Rapamycin also complements the broader hallmarks of aging framework by addressing deregulated nutrient sensing, one of the nine original hallmarks. Researchers increasingly view it as a "stack partner" to interventions that address other hallmarks — senolytics for cellular senescence, partial reprogramming for epigenetic drift, and peptides for specific tissue-level repair. For broader context on how these fit together, see our peptides for longevity beginners guide and the complete guide to what peptides are.
Gene editing intersects with rapamycin in an unexpected place: several gene therapy trials use short-term rapamycin to blunt immune responses against AAV capsids, improving transgene persistence. In other words, the same drug being used for longevity off-label is also a quiet enabler of durable gene editing.
Limitations and What We Don't Know
- No human lifespan or mortality data. All the lifespan evidence is in mice. Mouse-to-human translation for lifespan interventions has a mediocre track record.

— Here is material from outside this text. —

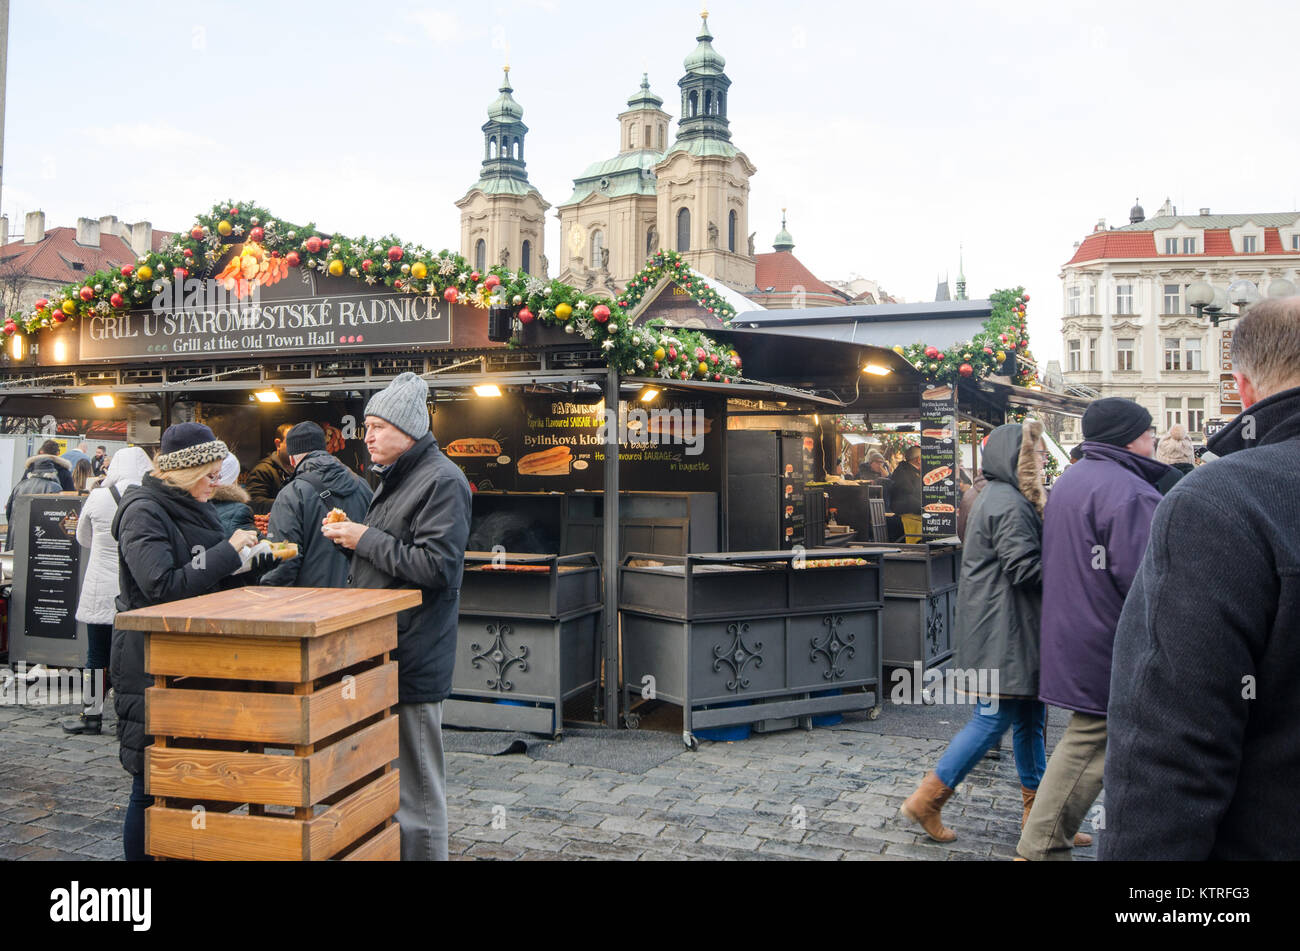 In Prag in der Tschechischen Republik-5 Dezember 2017: Große Gruppe Touristen in alten Rathausplatz Weihnachtsmarkt Essensstände Stockfoto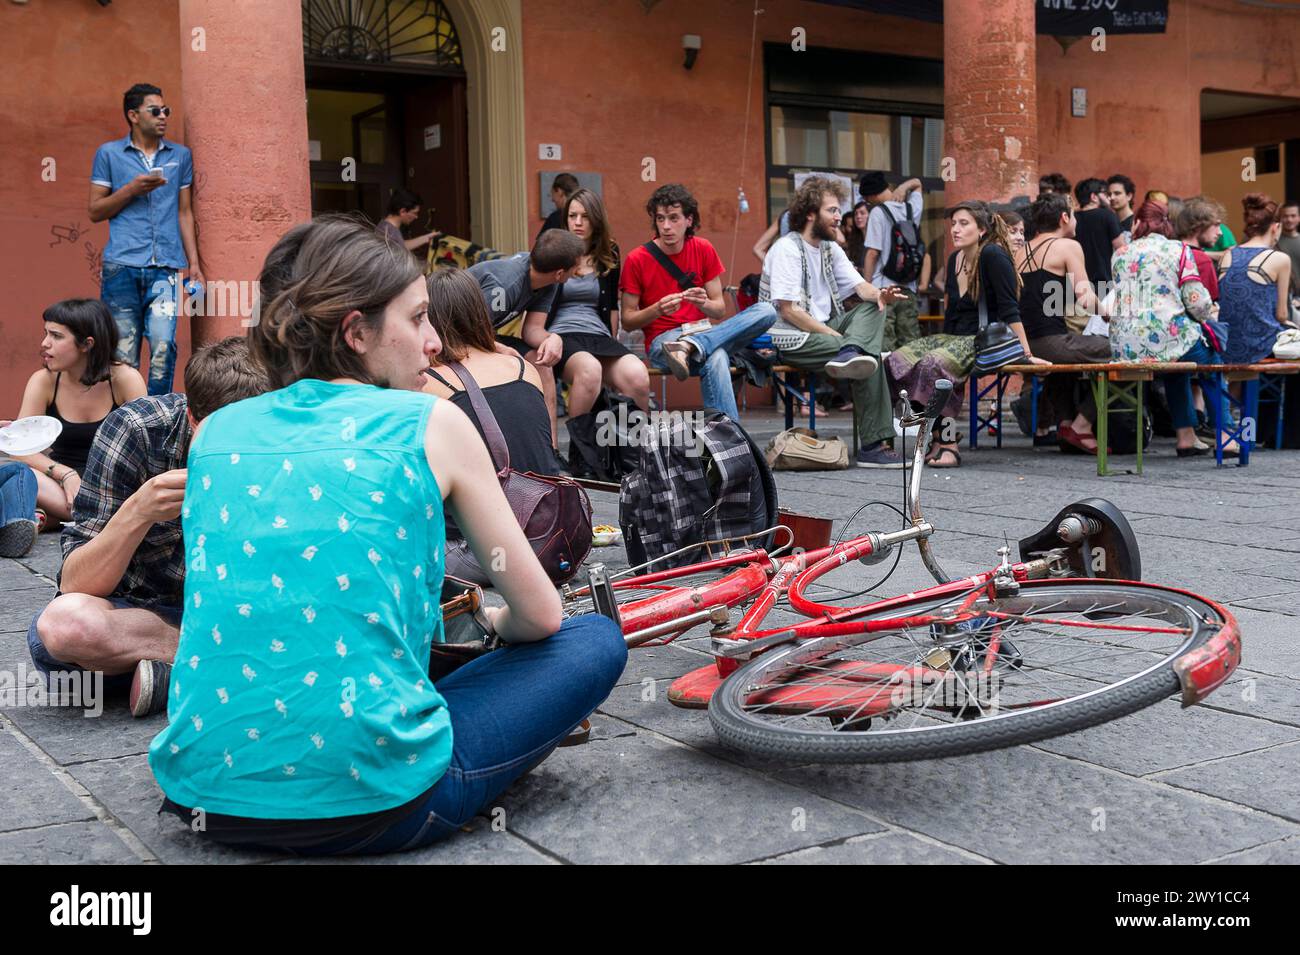 Vie estudiantine a Bologna - seduti su un terreno quadrato | vita studentesca un Bologna - Assis sur les pavés d'une Place de la cité Foto Stock

- Optimal dose and schedule are unknown. Weekly 5 mg is convention, not evidence. The right dose may vary by body weight, age, and goal (immune rejuvenation vs. metabolic vs. cognitive).
- Long-term safety at longevity doses is not characterized. Transplant safety data use far higher daily doses and don't translate cleanly.
- Biomarker surrogates are imperfect. Changes in epigenetic age, IGF-1, inflammatory markers, or grip strength don't reliably predict lifespan benefit.
- Selection bias in off-label user cohorts. People who take rapamycin off-label tend to be healthier, wealthier, and more engaged in their own health — making anecdotal outcomes impossible to interpret.
FAQ
Does rapamycin extend lifespan in humans?
We don't know. It extends lifespan robustly in mice and improves immune function in older adults, but no human trial has measured mortality.
What dose of rapamycin do longevity clinicians use?
Most off-label protocols use 5–8 mg once weekly, sometimes adjusted by blood trough levels. These doses are empirical, not evidence-based.
Is rapamycin safe for long-term use?
At transplant doses (daily, continuous), it causes meaningful side effects. At weekly intermittent doses used for longevity, the safety profile appears more favorable in short-term data, but long-term RCT data do not yet exist.
Can rapamycin reverse biological age?
Some small studies suggest modest epigenetic age reductions, but these are not lifespan endpoints and the measurements themselves carry uncertainty.
Who popularized rapamycin for longevity?
Mikhail Blagosklonny's theoretical papers from 2006 onward, followed by the ITP mouse lifespan data in 2009, drove the field. Matt Kaeberlein and Alan Green are the most public clinical voices today.
Is rapamycin a caloric restriction mimetic?
Partially. It targets mTORC1, one of the central nutrient-sensing hubs affected by caloric restriction, but it does not reproduce every CR-associated adaptation.